— RECORDED INFORMATION —
____
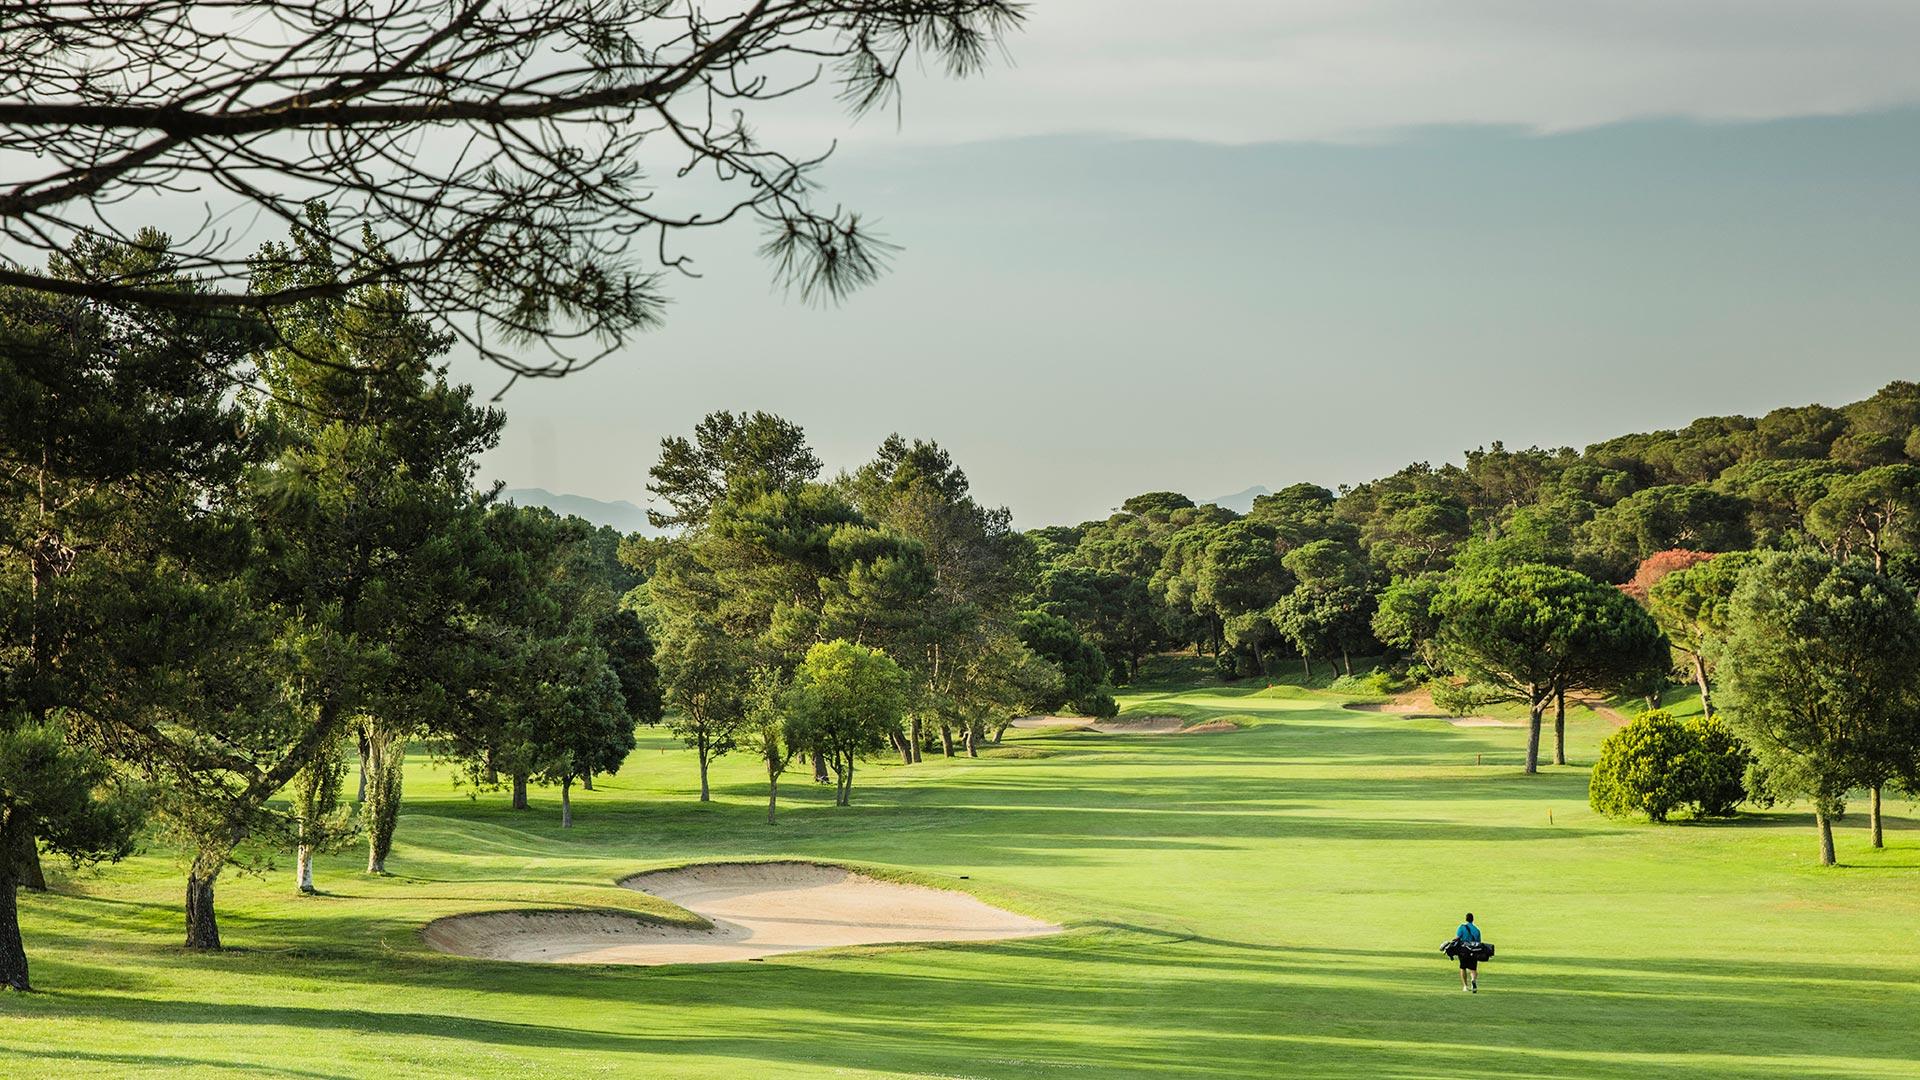 campo de golf vallromanes bunker y hombre con palos de golf
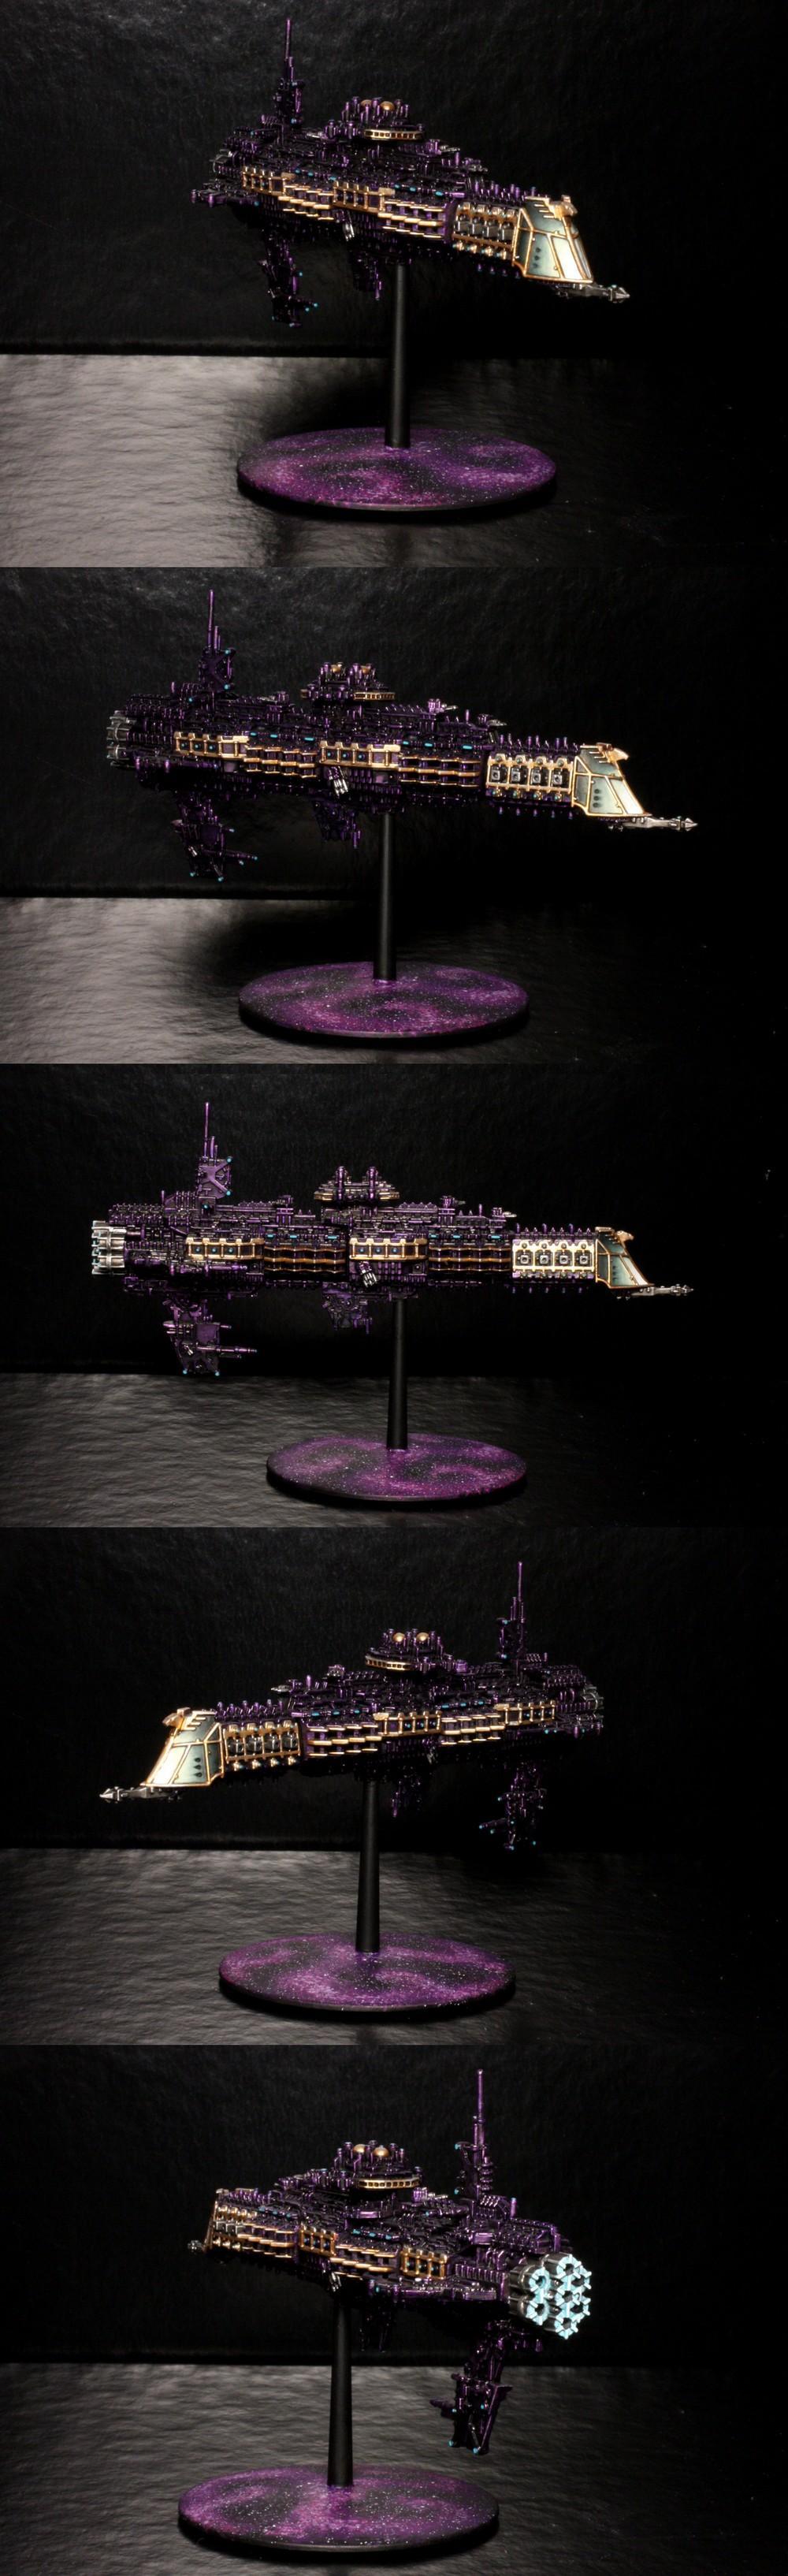 Battlefleet, Emperor, Gothic, Imperial, Navy, Prow, Purple, Wesselstein
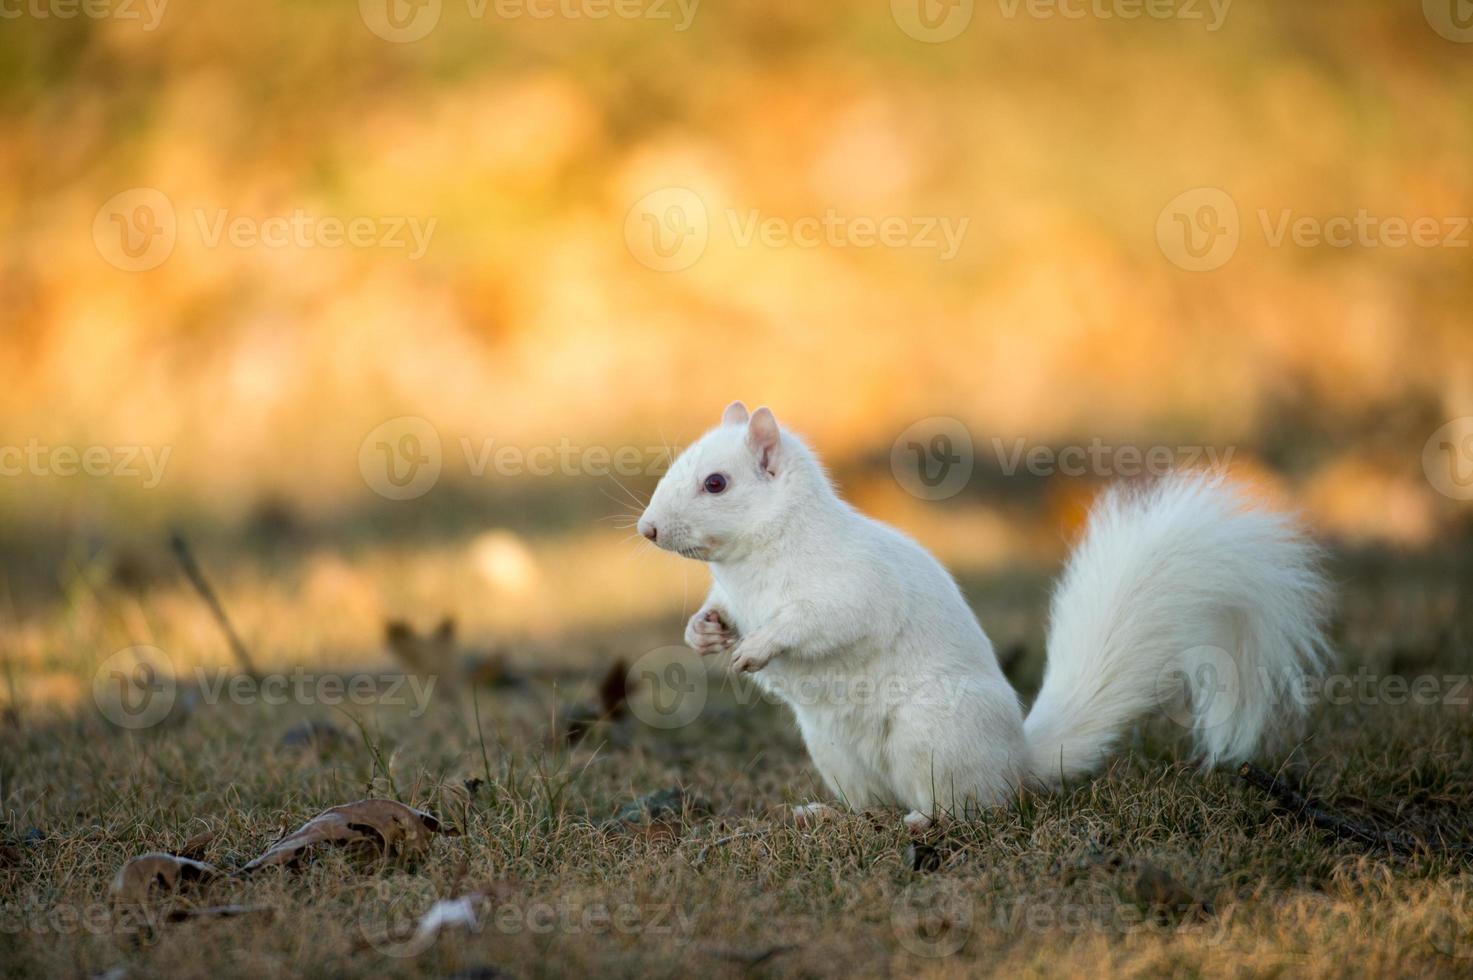 scoiattolo bianco seppellire le noci foto
____
— WHAT THE TASK ASKS —
The expected result is the complete listing above, printed exactly, with no pictures.

— EXERCISE SOLUTION —
 campo de golf vallromanes bunker y hombre con palos de golf
 Battlefleet, Emperor, Gothic, Imperial, Navy, Prow, Purple, Wesselstein
 scoiattolo bianco seppellire le noci foto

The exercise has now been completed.